Почетное положение духовенства Чечни и Дагестана можно объяснить уважением горцев к образованности и познаниям мусульманских богословов. Выделялись такие области познания, как «изучение Корана и Хадисов — наука о вере и ее истории; сари — правила чтения и объяснения арабских книг; наху —наука о всех верах на земле;
аль-мулл-мамтык — учение о поэзии; эль-мулл-пикишшариат — законы гражданские и духовные; эль-мулл-маан — наука о "кратком и пространном выражении своих мыслей" и т. д.» [18. С. 38]. Перечисление наиболее крупных ученых Дагестана, делившихся своими знаниями с подрастающим поколением, приводят в своем труде «Асари Дагестан» Гасан Алкадари [10. С. 175-190] и в своих воспоминаниях Абдурахман Ка-зикумухский [4; 79-84]. Известные на всем Кавказе медресе имелись в Ободе, Кудутле, Кудали, Ахты, Кумухе, Эндирее, Аксае и других населенных пунктах. В них проходили обучение не только дагестанцы, но и выходцы из соседней Чечни. Это закономерно, так как на Северном Кавказе Дагестан стал одним из основных очагов распространения ислама, а благодаря знаменитым медресе XVIII в. Дагестан был прозван «морем наук» (араб. бахр ал-'улум) [50. С. 110].
Таким образом, к XVIII в. духовенство складывается в отдельную сословную группу, которая формируется и пополняется через упомянутую выше систему образования. Необходимо отметить и тот факт, что духовенство на Северо-Восточном Кавказе было сравнительно многочисленным. «Мулла находится в каждом селении, а в крупных — несколько» [18. С. 39]. В равнинных, а позднее и в горных районах к концу XVIII в. начинают складываться феодальные отношения, и духовенство постепенно начинает завоевывать привилегированное положение.

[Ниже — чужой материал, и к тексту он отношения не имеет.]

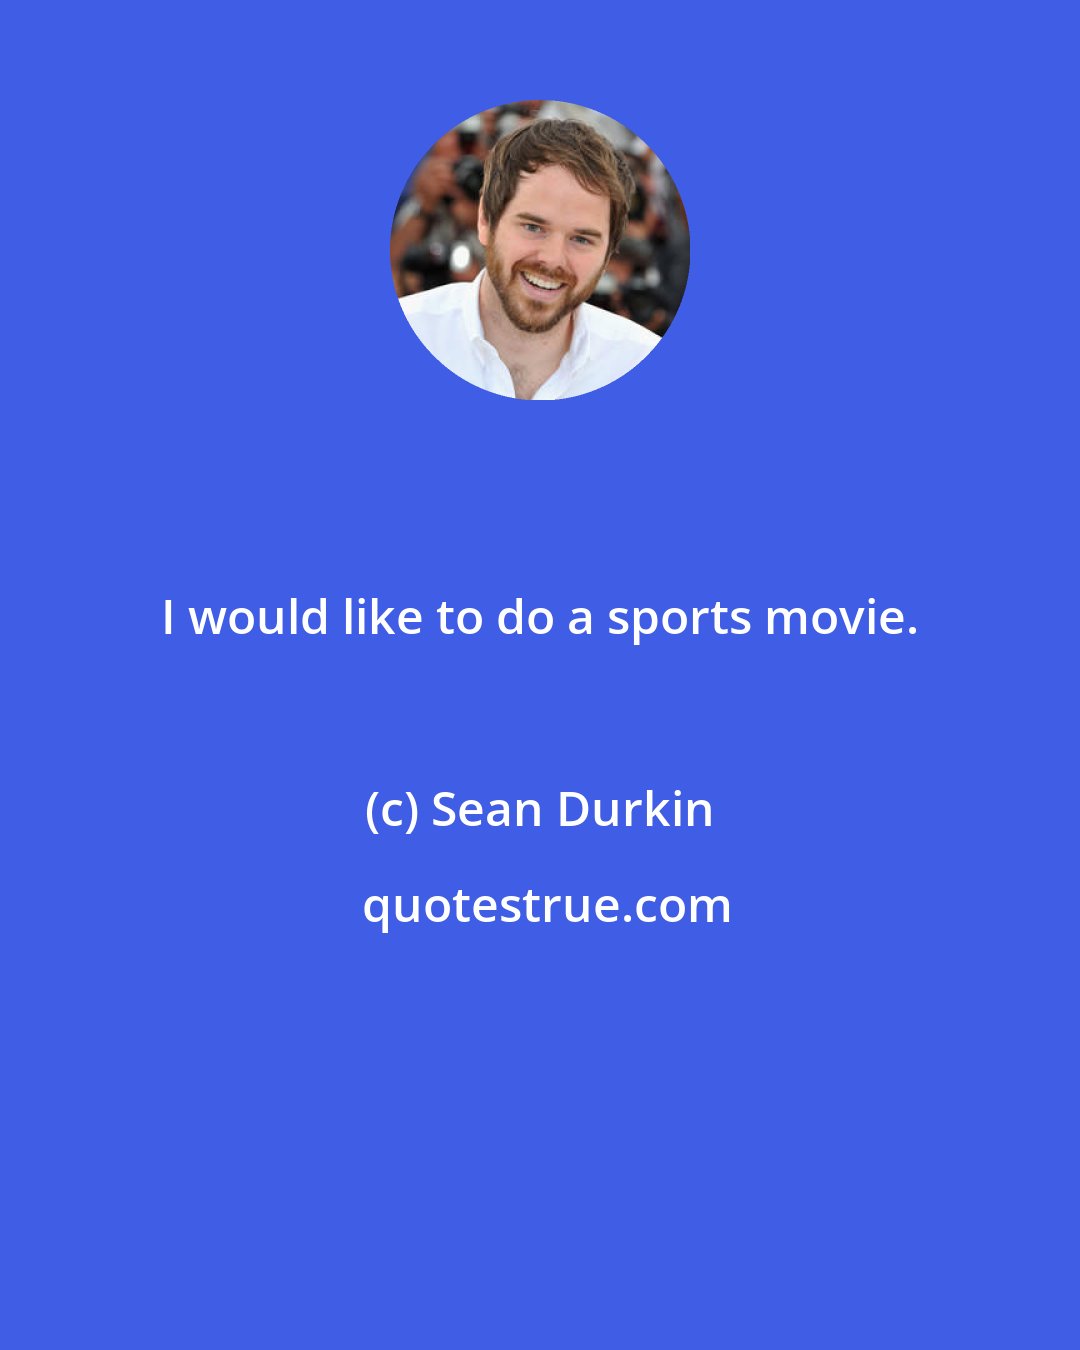 Sean Durkin: I would like to do a sports movie.
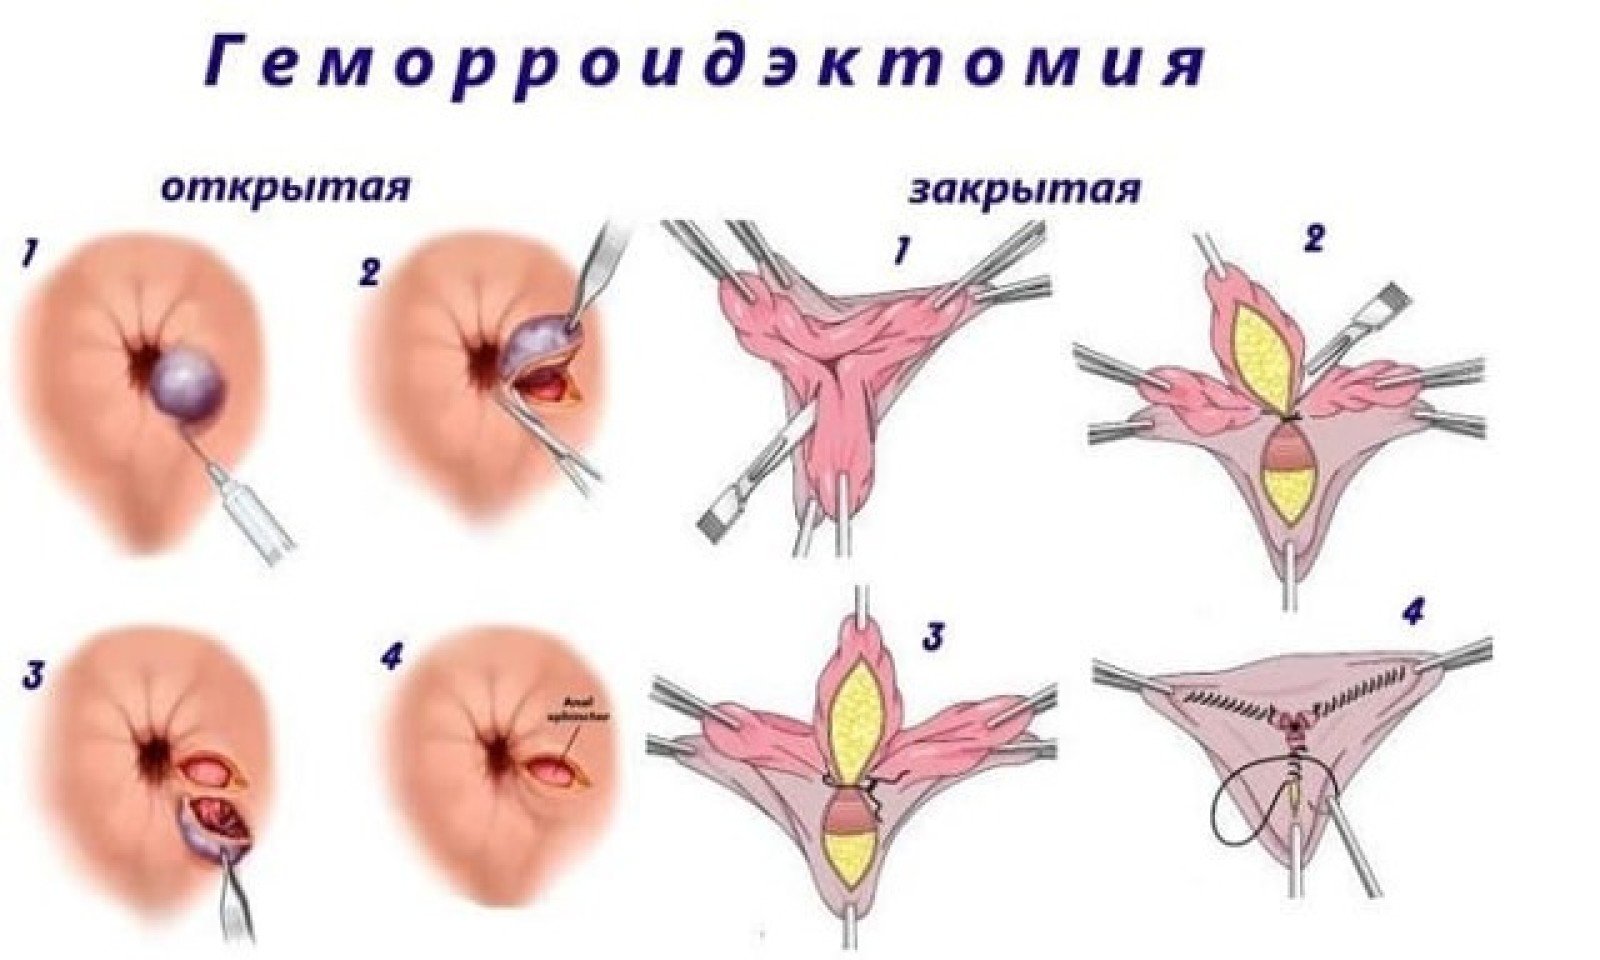 Причиной развития тромбоза геморроидальных узлов считается гиподинамия, а именно - длительное сидение, в результате чего возникают застойные явления в сосудах малого таза

Так, на рубеже XVIII-XIX вв. духовенство выделилось у чеченцев в отдельное сословие, которое по социальным признакам было пока неоднородно [18. С. 28]. Высшие его прослойки состояли из крупных собственников, низшие — из мулл и кадиев крестьянского происхождения, в среде которых в свою очередь встречались зажиточные и беднейшие слои [31. С. 23-25]. В последнем случае по своему положению духовенство не отличалось от основной массы горцев.
Дальнейшее усиление позиций мусульманского духовенства было связано с деятельностью шейха Мансура в 1785-1791 гг., которая протекала под религиозными лозунгами. Значительная часть духовенства Чечни и всего Северного Кавказа по отношению к Мансуру заняла благожелательную позицию: «дагестанские, чиркеевские, кумыцкие и салатовские» кадии (судьи), муллы и «другие ученые» настаивали на безусловном исполнении требований имама [13. С. 12; 49. С. 57]. Помимо политических соображений поддержка Мансура духовенством объяснялась тем, что он боролся за утверждение справедливости с использованием норм шариата. Замена адата шариатом, конечно, должна была повлечь за собой усиление роли духовенства и ослабление общинной элиты.
Кто же занимался отправлением культа, кто управлял общиной верующих мусульман на Северном Кавказе? С одной стороны, духовенство на Северном Кавказе было представлено официальными священнослужителями, среди которых следует выделить богословов-правоведов — алимов, служителей мечетей — имамов, мулл, мудар-рисов (преподавателей мусульманских учебных заведений — мектебов и медресе). Их объединяет общее название — муфтии, ученые, чье решение определяло религиозную практику для всех мусульман [1. Л. 26]. Именно муфтии, имамы и муэдзины выделяются в социальный слой духовенства и тем самым создают основу для дальнейшего формирования религиозной структуры. В связи с внедрением мусульманского законодательства в горской среде появляются кадии. Они выступают в роли факихов (правоведов) и помимо вопросов теологии больше занимаются судебной и религиозной практикой. С другой стороны, вне рамок духовной иерархии действовали шейхи, окруженные ореолом святости, они руководили суфийскими общинами и олицетворяли «народный ислам», который составлял духовную оппозицию. Идеи социального равен-
ства, проповедуемые дервишами, имели отклик в среде свободных горцев, отражали взгляды большинства вольных общинников на усиление власти отдельных родовых групп формирующейся знати.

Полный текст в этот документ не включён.